Although the project involved two suppliers — CSDC Inc., which developed the Amanda 7 enterprise platform used across many provincial departments, and sold licences for a case management software called AccessPro; and Unisys, which provided project management, configuration and hosting services for the website project — Tully faulted Internal Services the most, saying it incorrectly rated the risks as low based at least in part on the trusted relationship with the vendors.
“This relationship inspired a sense that the projects were low risk which permeated all aspects of the project development and deployment,” she said.
The project management process and user testing did not incorporate any technical testing and failed to recognize the risk associated with the storage database design – specifically the storage of public and private documents in the same database.
The department also failed to act on information that there were risks associated with the lack of website vulnerability scanning.
There was a privacy impact assessment, but, Tully said, it “was neither diligent nor rigorous.” Instead the government relied on one vendor for technical security measures included in the assessment.
The new website was developed during 2016 to give Nova Scotians the ability to request access to non-sensitive government information. The site was an add-on to the AccessPro solution. But among the problems was pressure to get the site online. Had there been better user testing of AccessPro and the website it would been clear that all documents were stored in the same location and that document status was merely a display filter, said Tully.
“Maintaining privacy and restricted access to personal information and attachments intended for individual recipients separate from documents approved for public release was a fundamental assumption of the project. Witnesses gave evidence that this core requirement was communicated to the vendor. However, as the (freedom of information) website project progressed, no one in
project management or within the user group unit (IAP Services) questioned whether the technology solution could deliver what was intended. This occurred despite the mounting concerns within the user group about the quality of the product from CSDC.”
Among Tully’s recommendations:
— Strengthen privacy leadership in government and due diligence in the privacy impact assessment process;
–Take immediate steps to contain the breaches that resulted in the download of 618 documents containing personal information to a private computer that has not been secured by the department;
— Take all reasonable steps necessary to notify individuals affected by the download of the 618 documents containing personal information;
— Conduct an internal post-incident review as an aid to ensuring that the department fully understands the causes of these breaches and has identified all reasonable steps necessary to prevent future similar errors;
— Conduct an inventory of technology solutions, devices and applications across government and rate their vulnerabilities. From there create a plan to mitigate cyber security vulnerabilities beginning with systems storing the most vulnerable personal
information and/or having the highest risk;
— Clarify and strengthen the role of the province’s computer system Architecture Review Board. The board “was rendered ineffective as an administrative safeguard by insufficient authority, too narrow a mandate in practice, and lack of explicit formalized processes and technical security standards.”

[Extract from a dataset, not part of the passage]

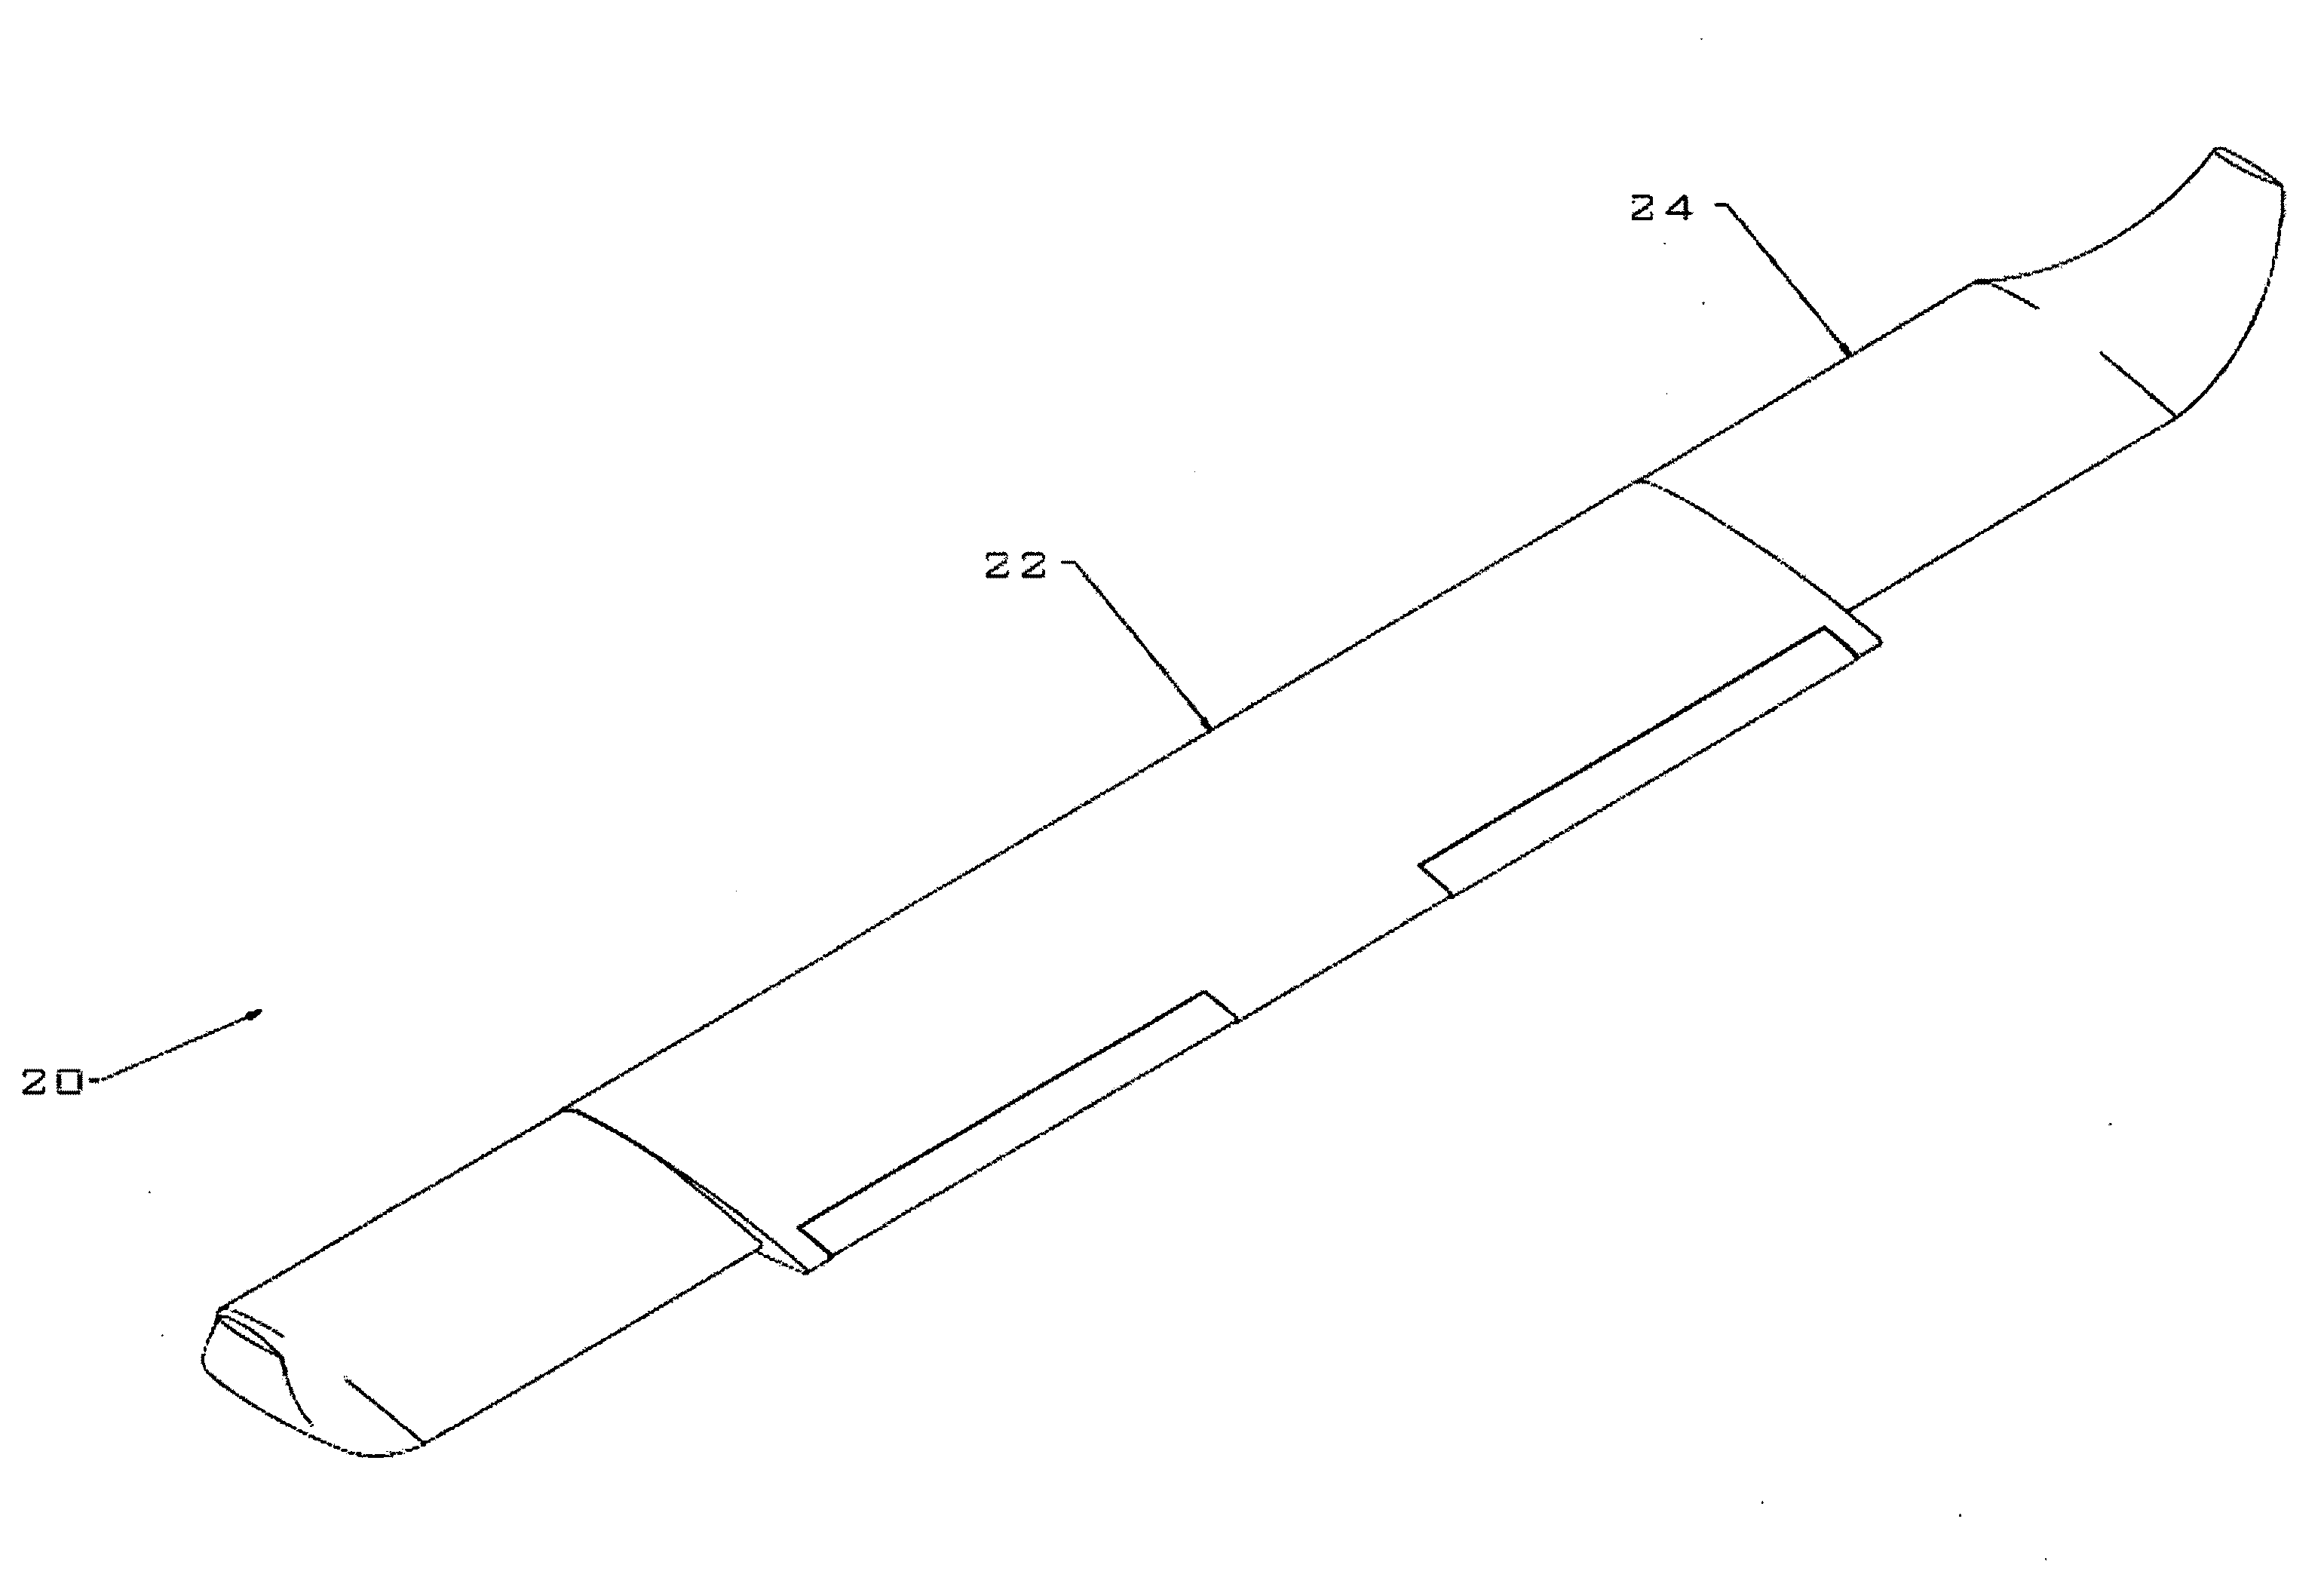 Telescoping and sweeping wing that is reconfigurable during flight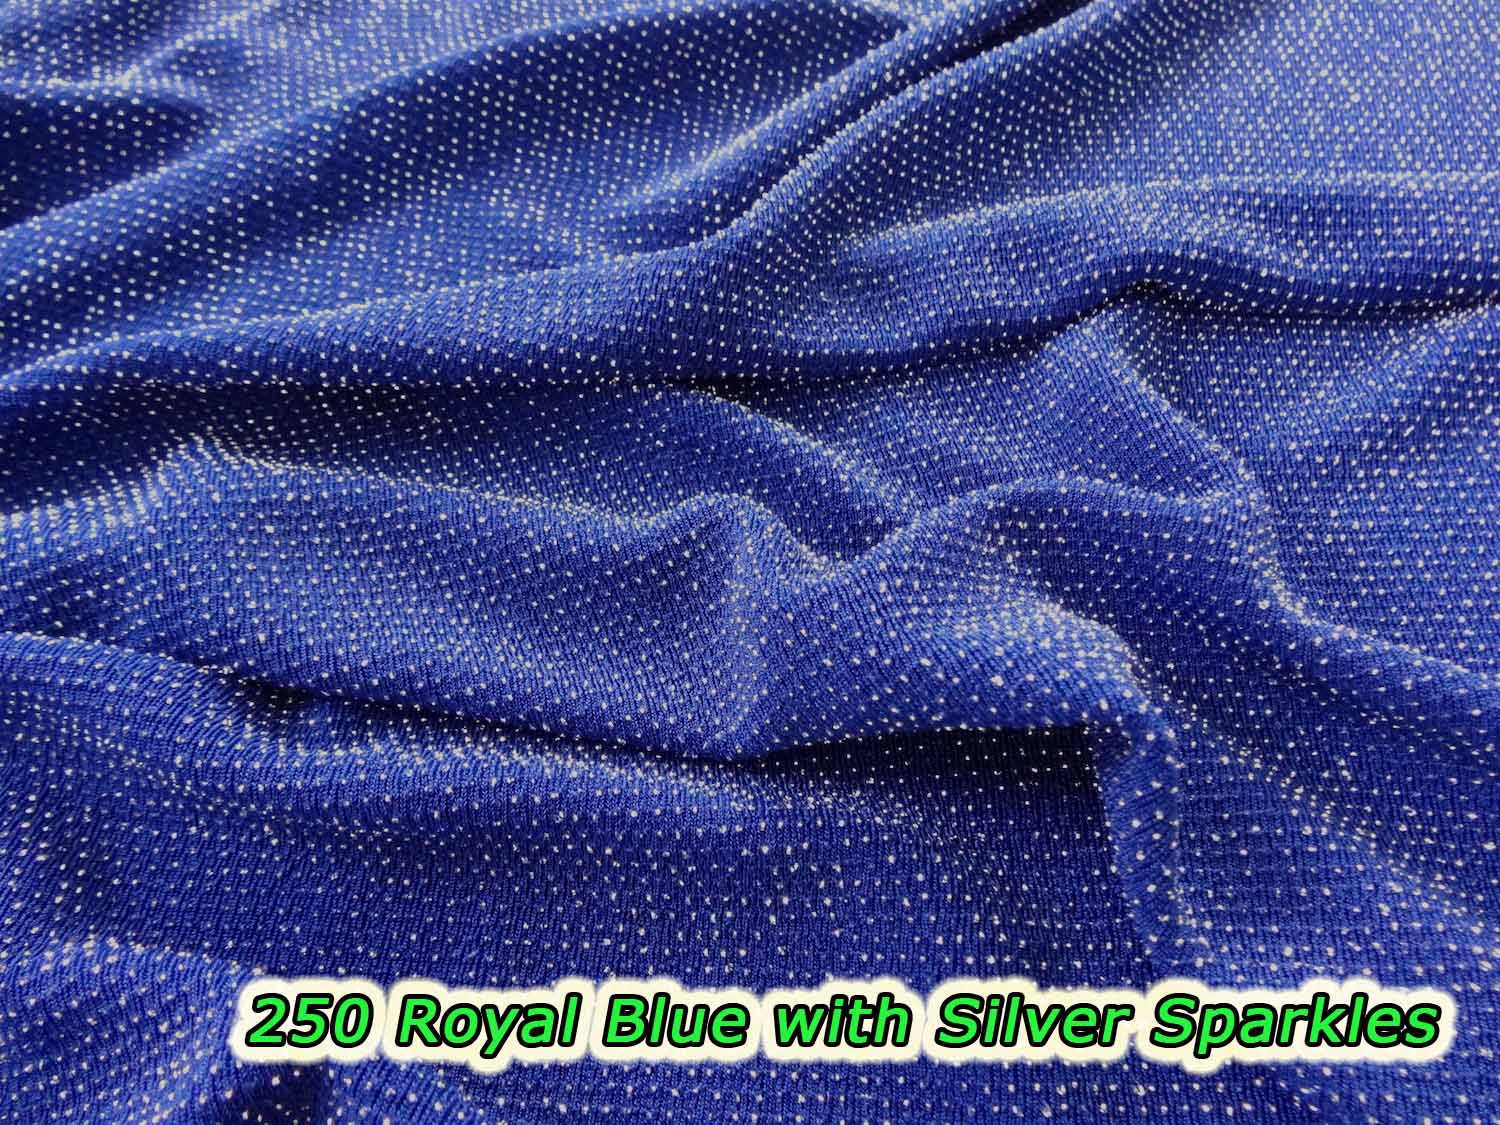 250 Royal Blue with Silver Sparkles

The department has accepted all of the recommendations.
“This investigation, along with other recent privacy breach investigations, have made it clear that our privacy laws are woefully lacking, Tully added. “As a result, I have again written to the Premier to recommend that the changes I recommended almost two years ago be implemented,” including amendments to improve privacy breach management, notification and the powers of her office to conduct investigations.